=== Section Start ===
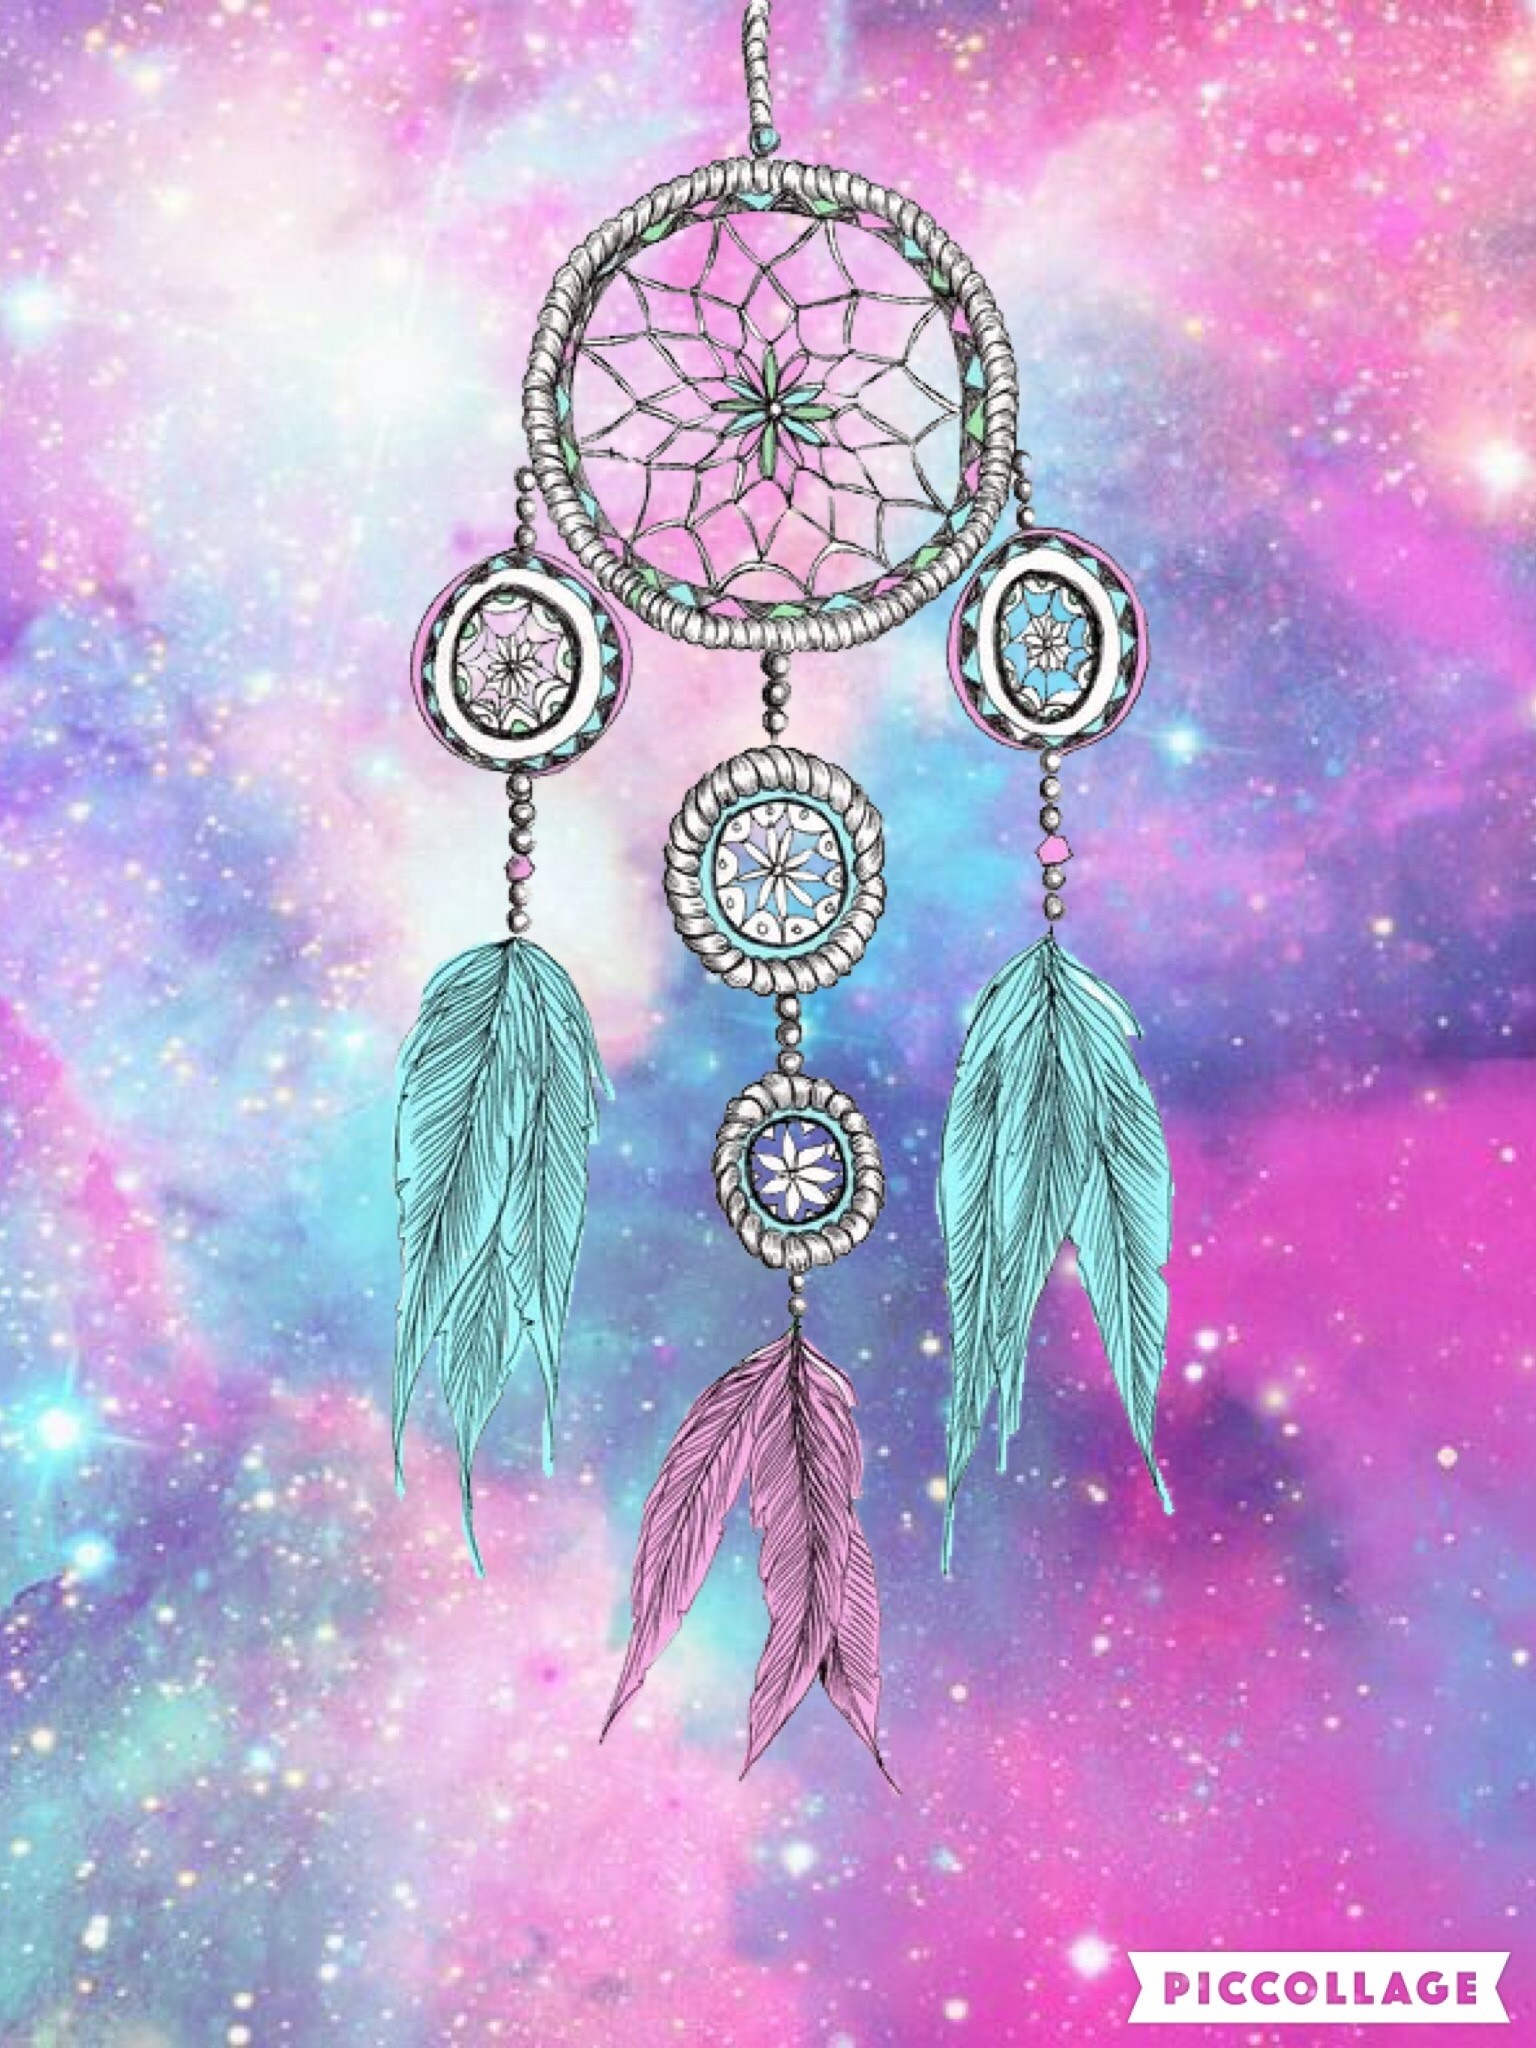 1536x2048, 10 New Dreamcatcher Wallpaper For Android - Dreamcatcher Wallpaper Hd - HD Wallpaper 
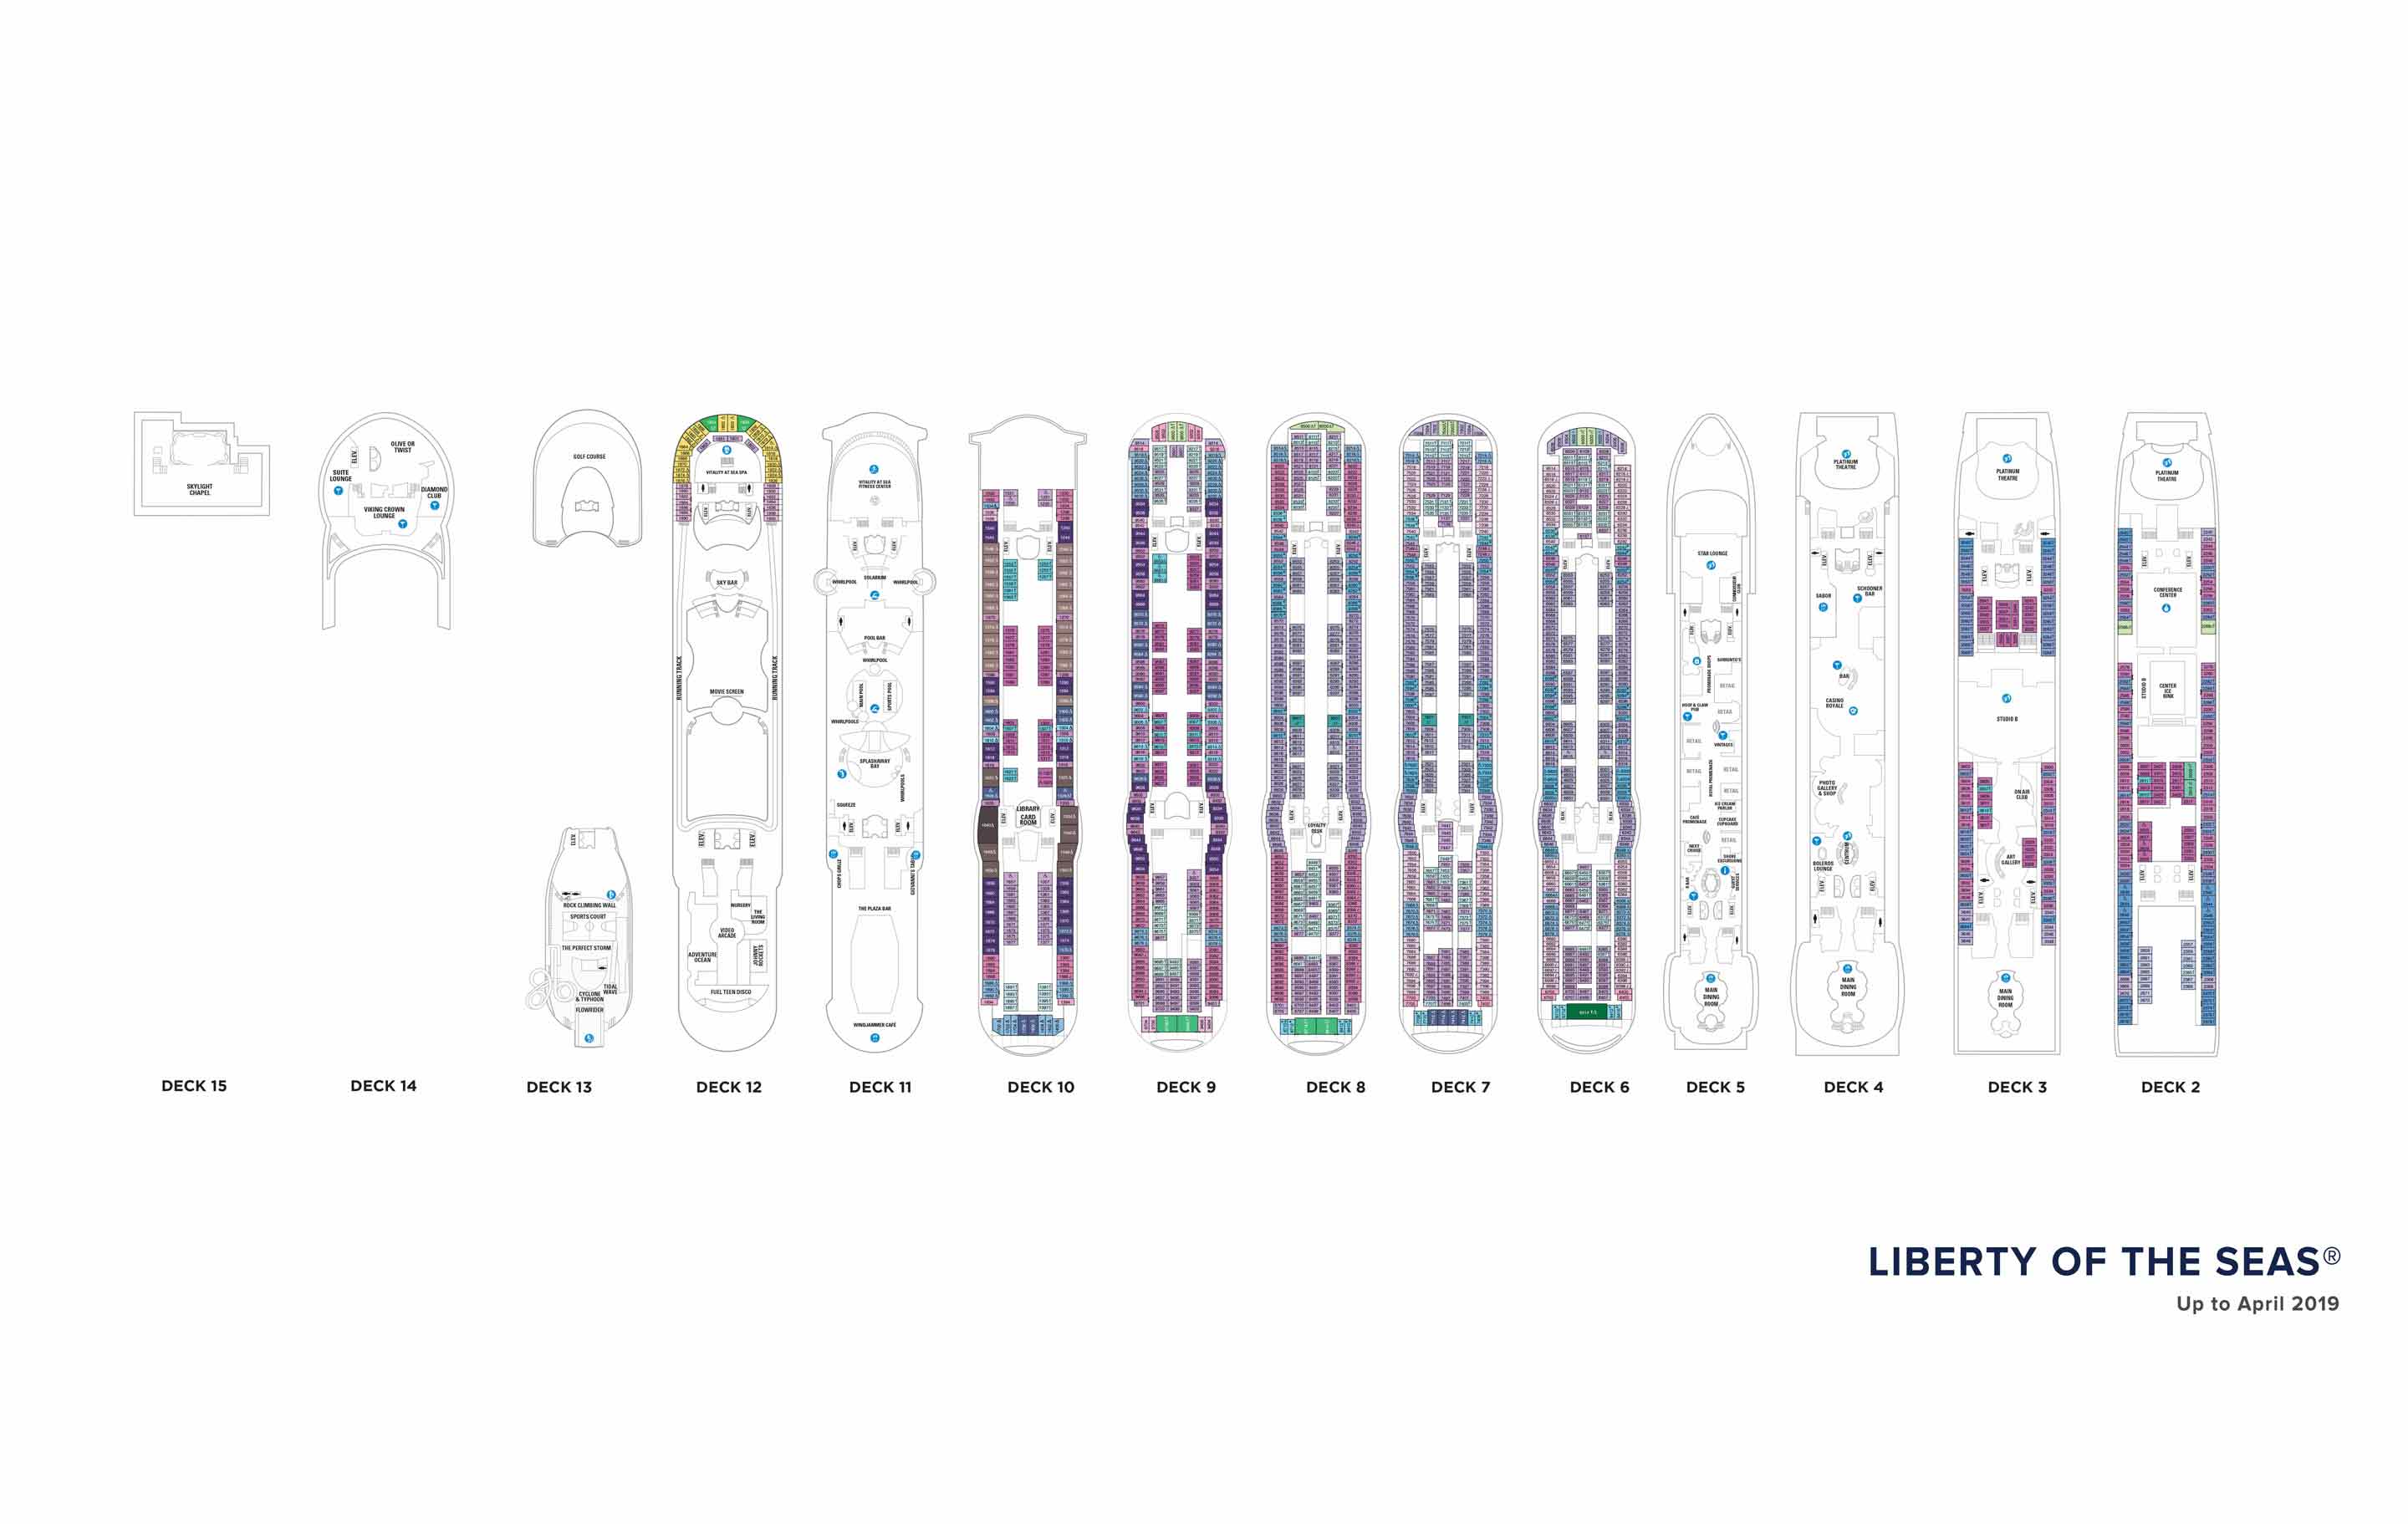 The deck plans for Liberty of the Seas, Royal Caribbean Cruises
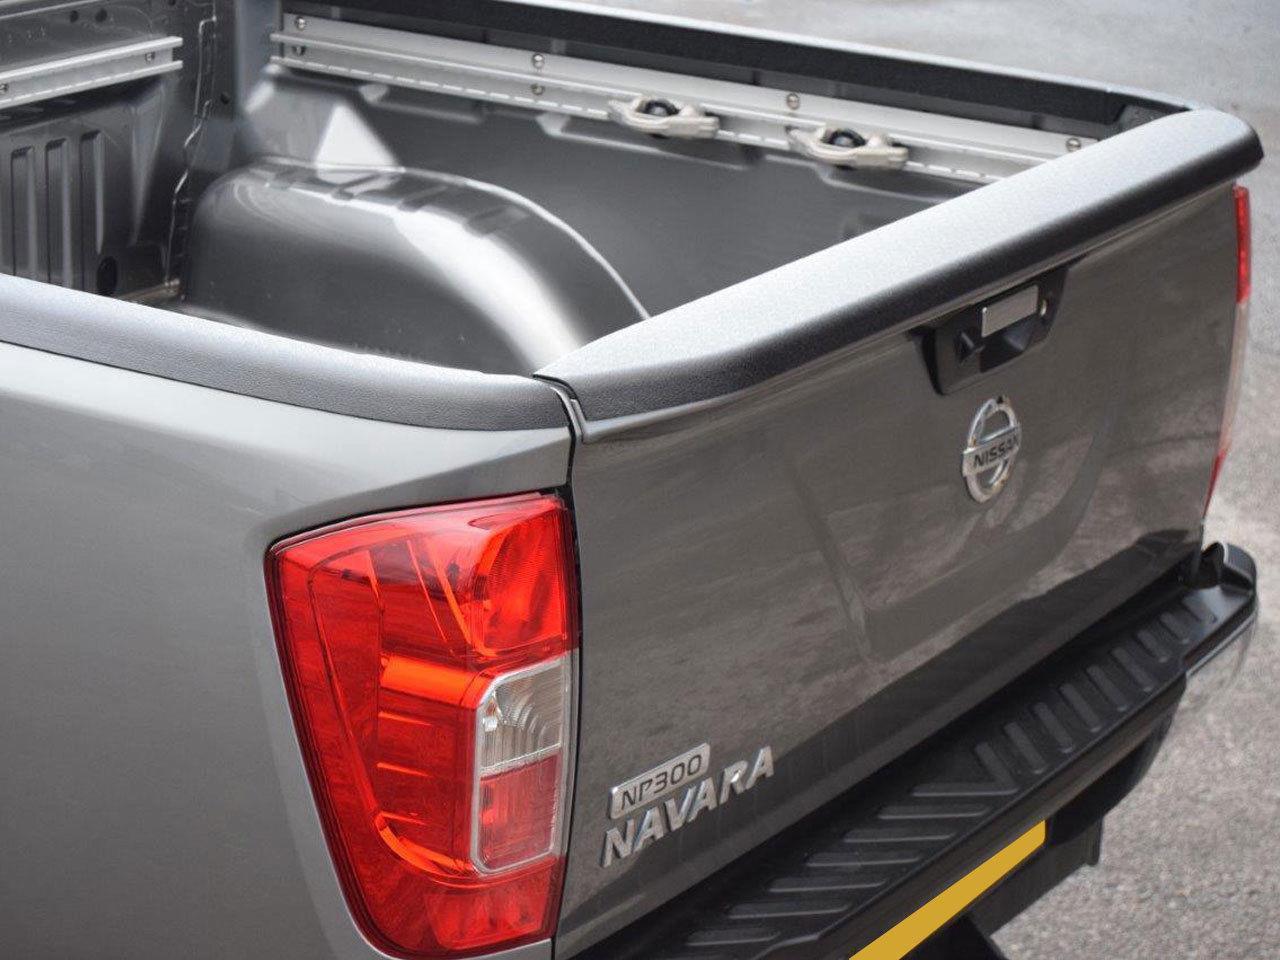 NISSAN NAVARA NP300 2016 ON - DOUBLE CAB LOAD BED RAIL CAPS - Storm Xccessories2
=== Section End ===
• [Your instructions] Retype the listing exactly. Skip every picture.

• [Expected answer]
 1536x2048, 10 New Dreamcatcher Wallpaper For Android - Dreamcatcher Wallpaper Hd - HD Wallpaper 
 The deck plans for Liberty of the Seas, Royal Caribbean Cruises
 NISSAN NAVARA NP300 2016 ON - DOUBLE CAB LOAD BED RAIL CAPS - Storm Xccessories2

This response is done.